Considéré comme une déception par les grands fans de la saga, le film est, au contraire de son prédécesseur, un film sous-côté. En effet, Al Pacino y est magistral et émouvant en homme en quête de réconciliation avec lui-même, essayant d’amener le fils illégitime de son frère tué dans le premier opus, le remarquable Andy Garcia au titre de Don. Le casting entier est vraiment satisfaisant si ce n’est l’insupportable Sofia Coppola, absolument catastrophique dans un rôle pourtant très important. Heureusement, le film nous propose des scènes virtuoses (l’attaque de l’hélicoptère, le meurtre de Joey Zasa) avant de finir sur un montage alterné absolument fabuleux. Une dernière scène vraiment très inutile et ratée vient clore la trilogie, qui restera dans l’histoire du cinéma.

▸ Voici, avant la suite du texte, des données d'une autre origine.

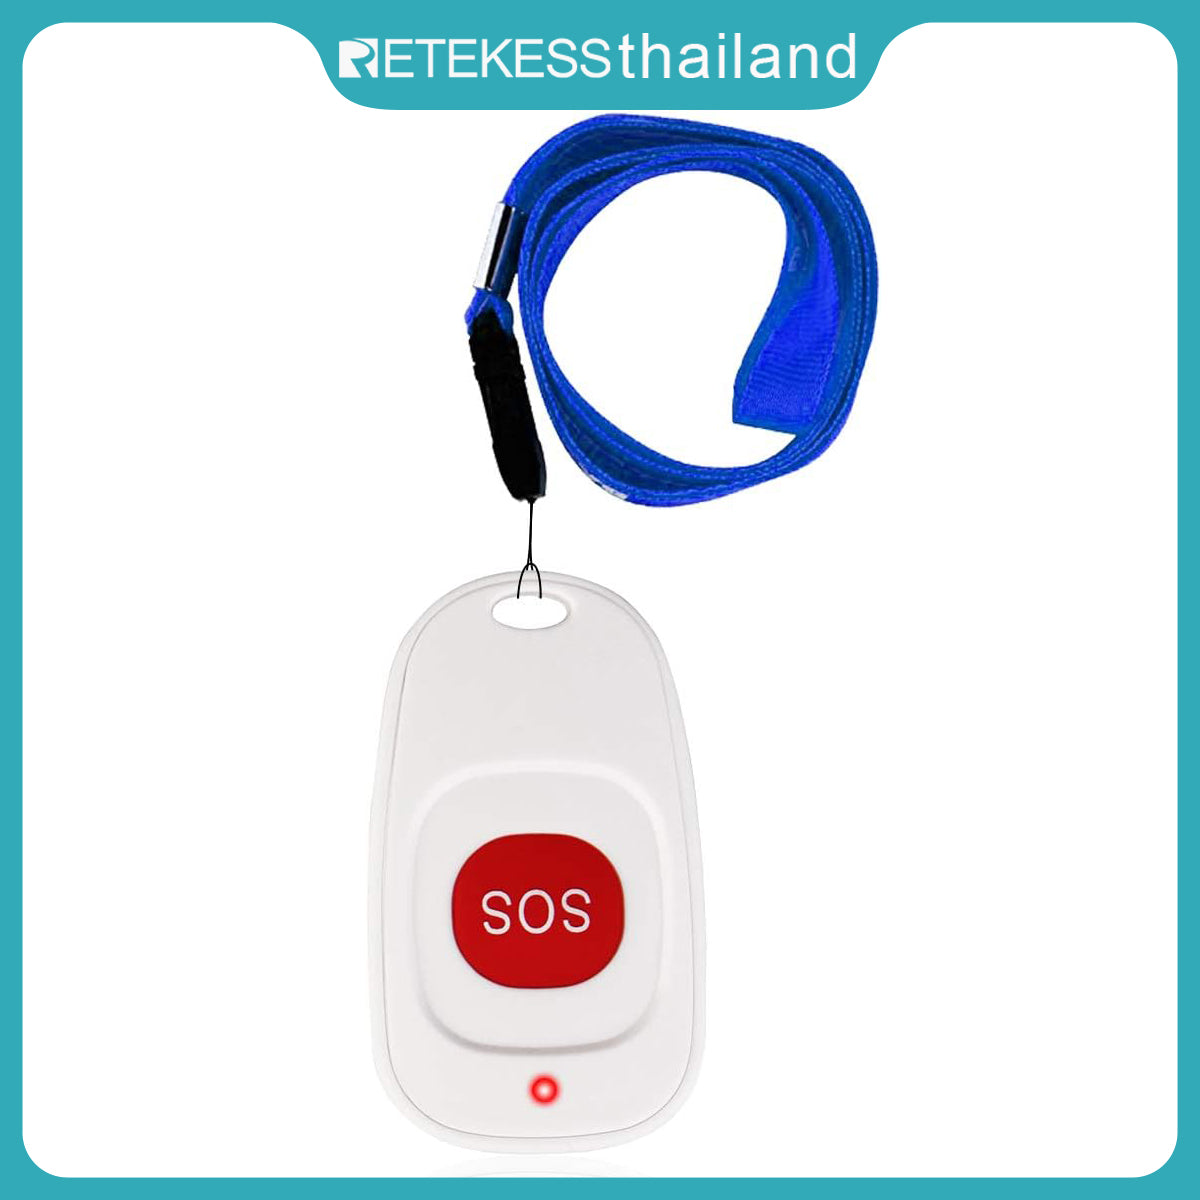 Retekess TH001 ปุ่มโทรไร้สายสำหรับเพจเจอร์ SOS ผู้สูงอายุ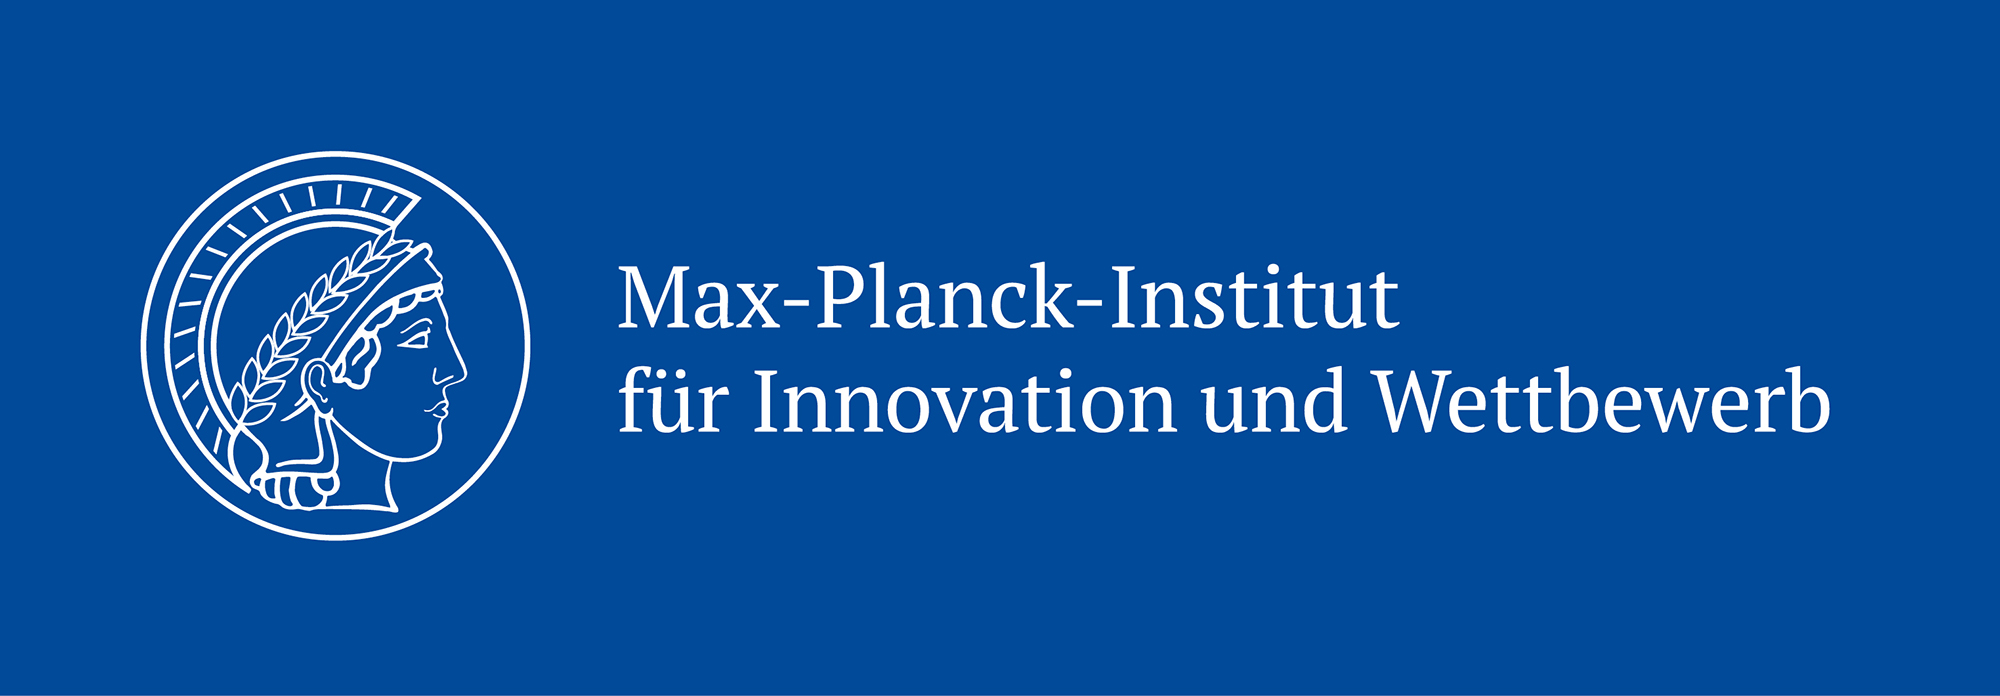 Max-Planck-Institut für Innovation und Wettbewerb nimmt Stellung zur Reform des Urheberrechts

Le troisième opus est bien plus rythmé que le deuxième, une demi-heure moins long (ce qui nous fait quand même trois longues heures) et un poil plus ambitieux. Une réussite.
En 1990, soit dix-huit ans après la sortie du premier volet, Francis Ford Coppola achève sa trilogie sur la mafia italo-américaine. Décidé à entamer sa rédemption et expurger son passé criminel, Michael Corleone (Al Pacino) se rapproche de l’Eglise. Moins subtil dans la description psychologique des personnages, ce film possède en outre une trame scénaristique laborieuse. Heureusement, le final d’une grande violence dramatique, articulé autour d’une séquence lyrique envoutante, vient compenser les longueurs de cet opus. Bref, sans être mauvaise, cette dernière partie manque de souffle et n’atteint pas les sommets des œuvres précédentes.